Most of this part of Cambridge consists of three and four-story houses, so line of sight is not uncommon for long distances. Many buildings have flat roofs, which makes antenna installation possible. Trees are not particularly common, so signal strength is not decreased too much by foliage. The area has a high concentration of MIT students and staff.
The typical maximum useful radio range is about 100 meters, though the variation is enormous.
The initial net included just a few nodes clustered in the center of the map. The initial users were students and staff in our lab, and we installed each node ourselves. Attaching the antenna to the chimney was by far the most time-consuming part of each installation, particularly on houses with peaked roofs.
The rest of the nodes are in the apartments of volunteers. We found these volunteers by posting flyers at MIT, by pushing them under doors in the areas of Cambridge we wanted more nodes in, and by word of mouth. Prospective users signed up on our web site, answering questions which allowed us to concentrate our efforts on the most promising locations. In particular, we required that users be affiliated with MIT; have flat roofs; and be willing to ask their landlord for permission to put an antenna on the roof.
The hardware comes in the form of a complete kit, which we give to each user. The kit includes a computer with pre-installed software, an 802.11b card, an antenna with chimney mount, 50 to 150 feet of low-loss LMR400 cable, and printed instructions. The total cost is about $650, and is paid for out of research funds. The kit is portable, and can be carried home (or returned for repair) in a single trip without a car. The fact that users carry their own nodes home and install them dramatically increases the rate at which the network can grow, given our limited staff resources. A complete installation takes about 45 minutes.
The computer is a $250 iDOT Slim PC, with a 500 MHz x86 CPU, a Mini-ITX motherboard, a 40 GB hard disk, a CD-ROM (for software upgrades), built-in Ethernet, and one PCI slot. The low CPU speed reduces the amount of heat the node generates; even lower would be better, since routing requires relatively little CPU time. The computer has fans, but we disconnect them: the fans generate too much noise for living rooms and bedrooms. The nodes are not waterproof, so they need to be indoors.

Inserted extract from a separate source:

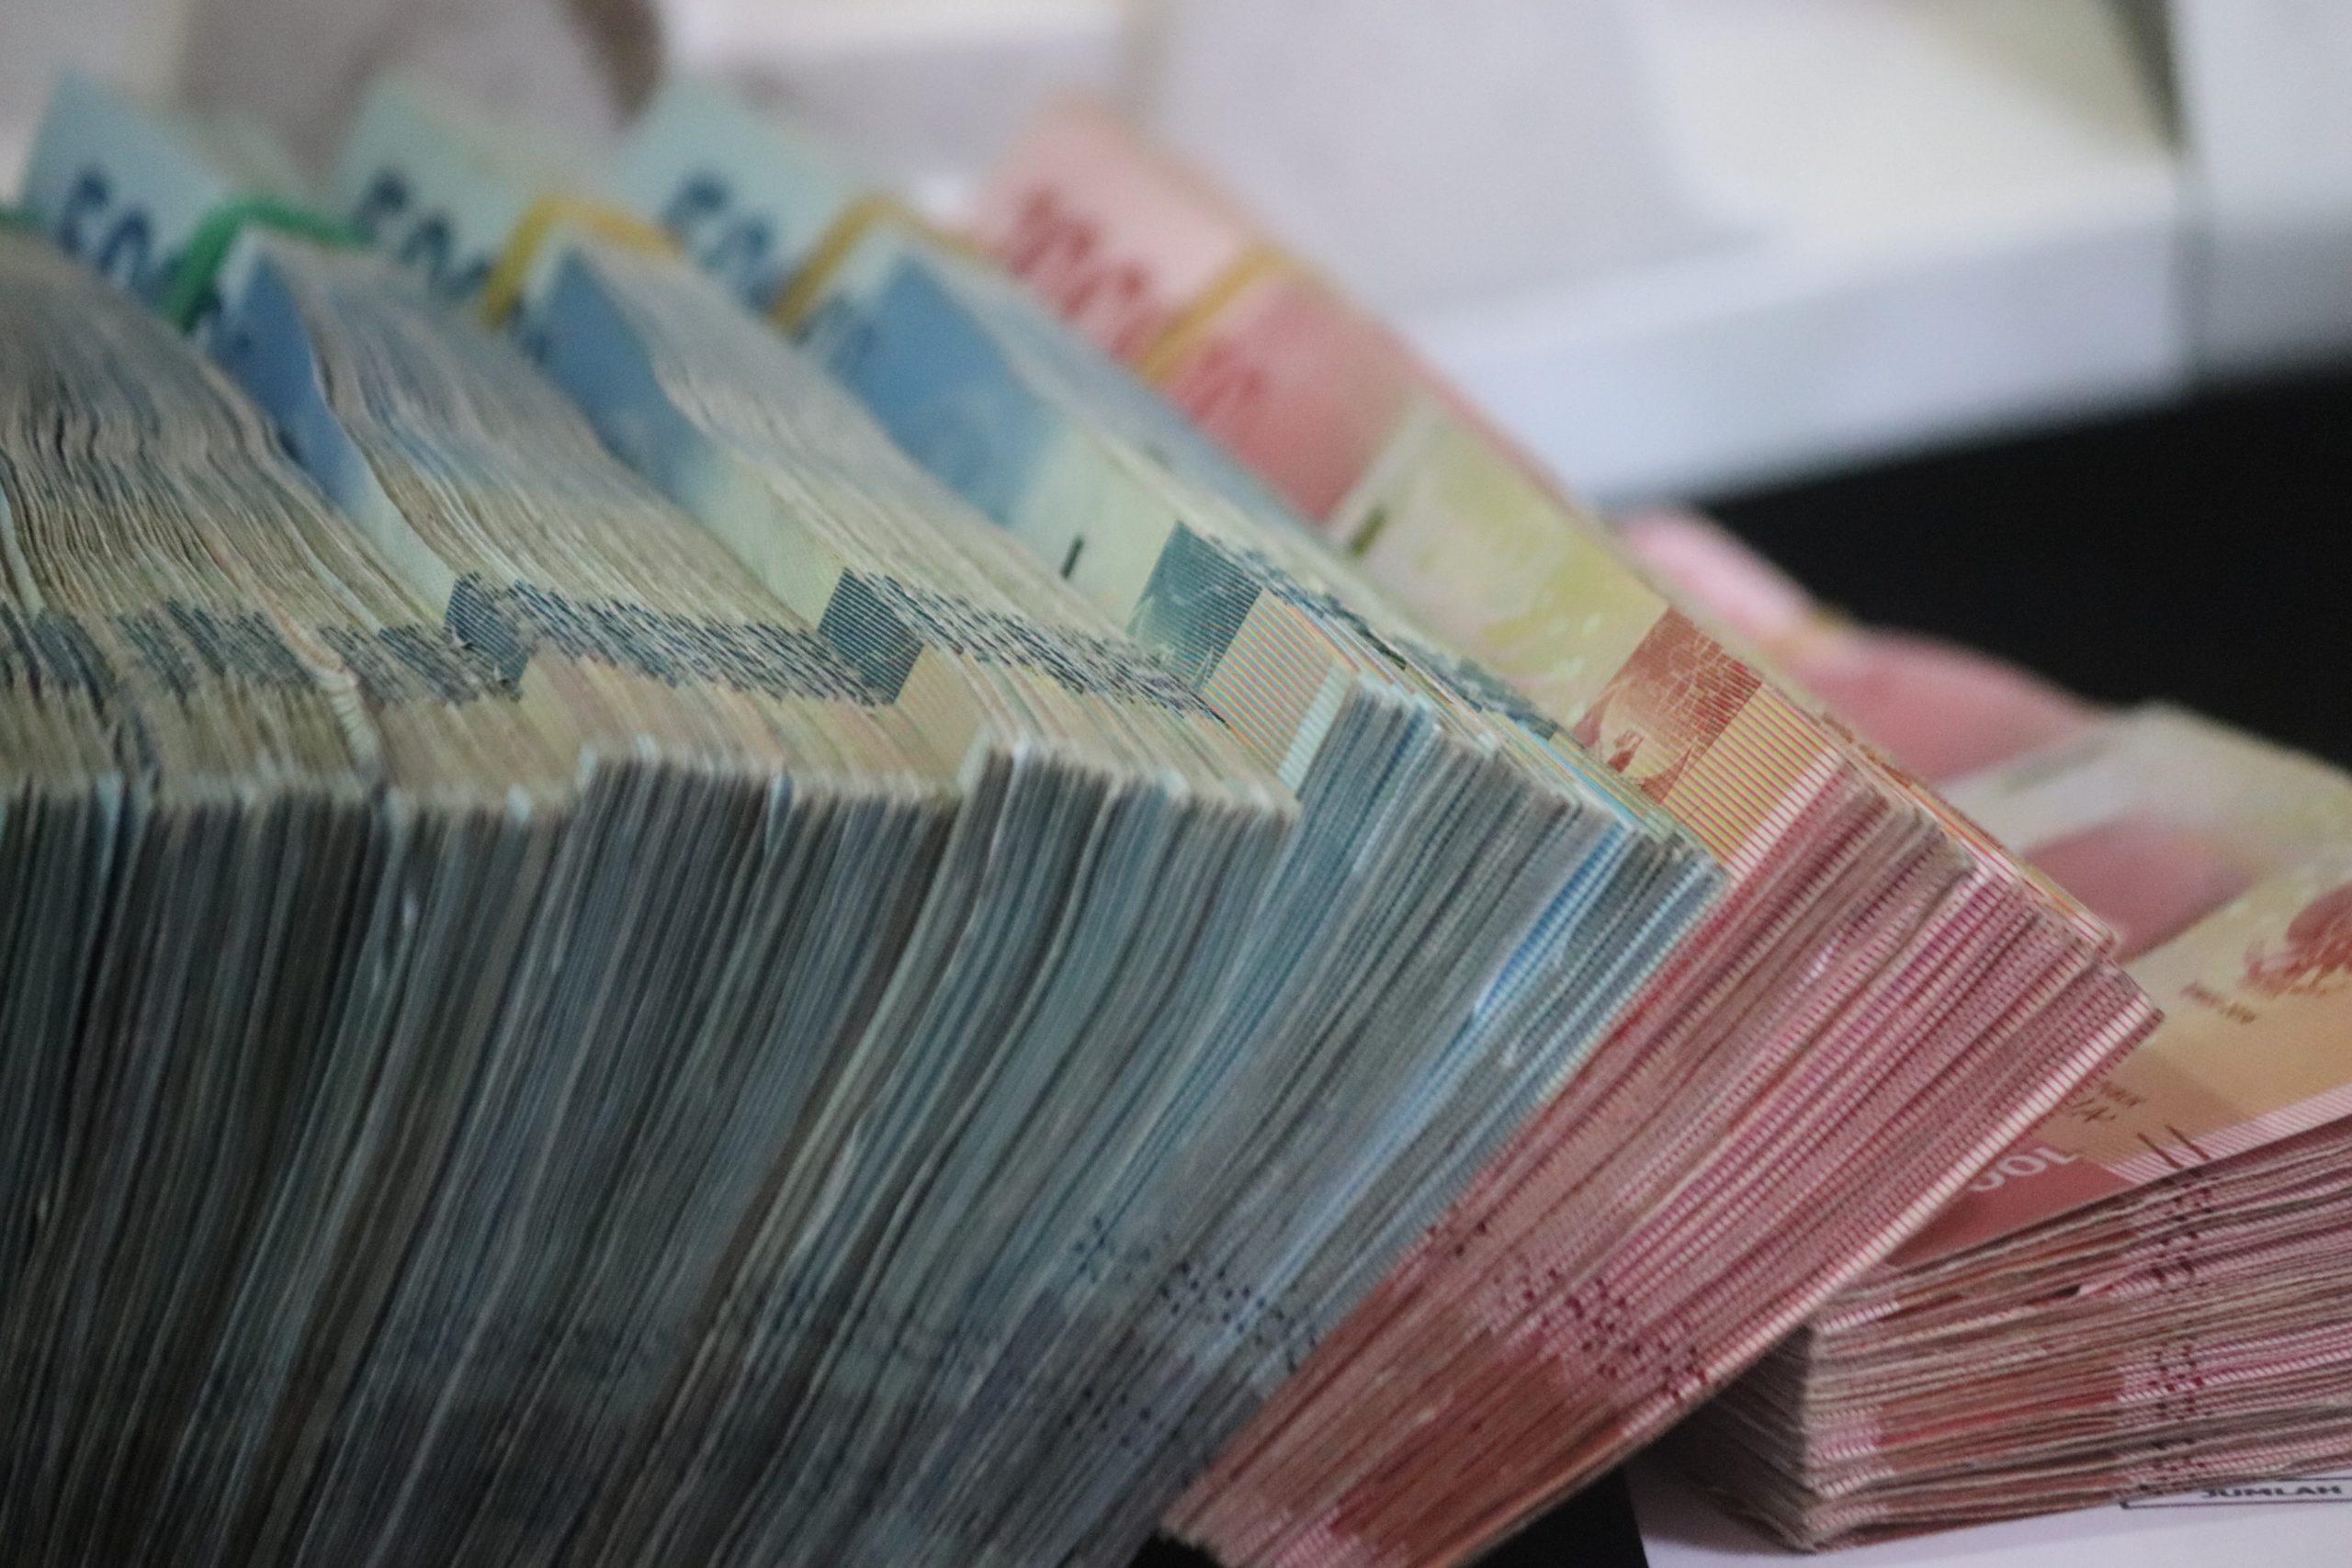 Obligan a un banco a devolver 1,5 M€ a 22 afectados en Sevilla por la no ejecución de un geriátrico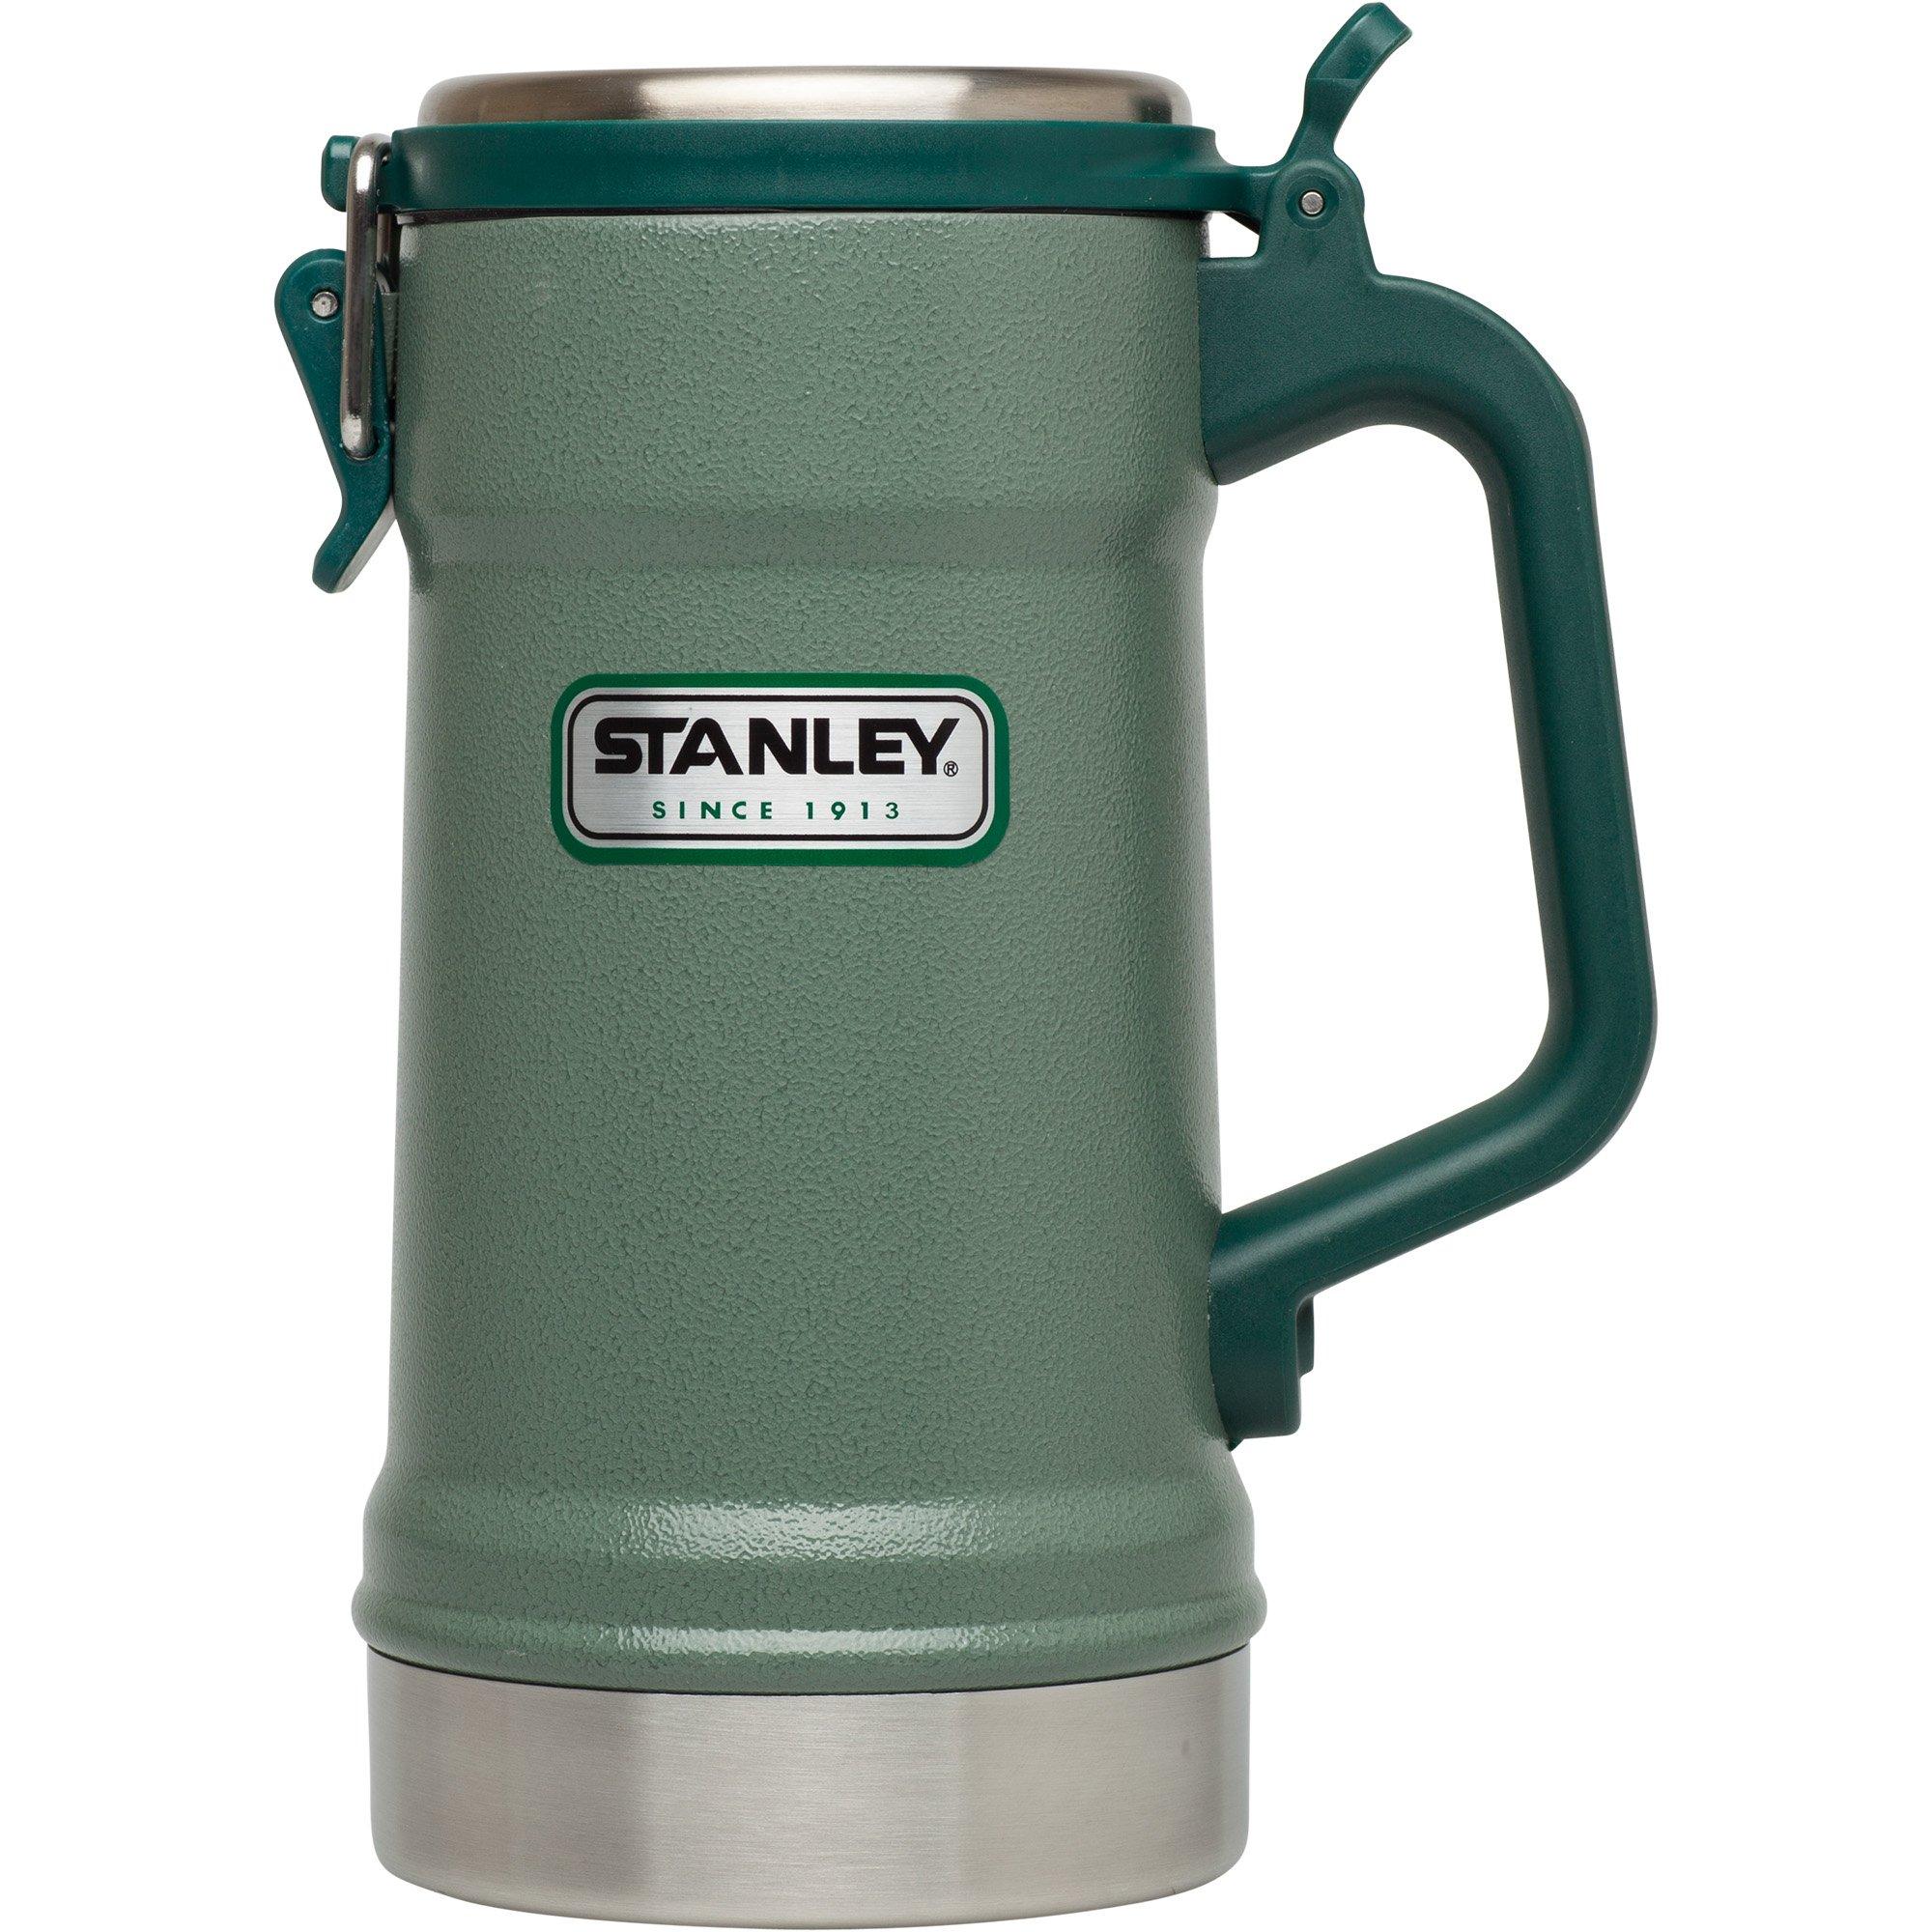 스탠리 스타인 - 손잡이 뚜껑 머그 24oz 710ml 2종 (보냉, 보온, 탄산유지 기능, 개인컵 강력 추천) Stanley Vacuum Stein

The computer is about 2 inches thick, about the size of a large laptop. It's small enough that a user can easily carry a node home, or bring it back to us for replacement. However, since the nodes are indoors, users can easily upgrade the software in place.
As of summer 2004 we're starting to switch to the Metrix Mark I. This is a waterproof box that we will mount directly on the antenna pole. The box contains a Soekris motherboard with an x86 CPU. We'll run ethernet down from the box into the user's apartment, and power the box with power-over-ethernet.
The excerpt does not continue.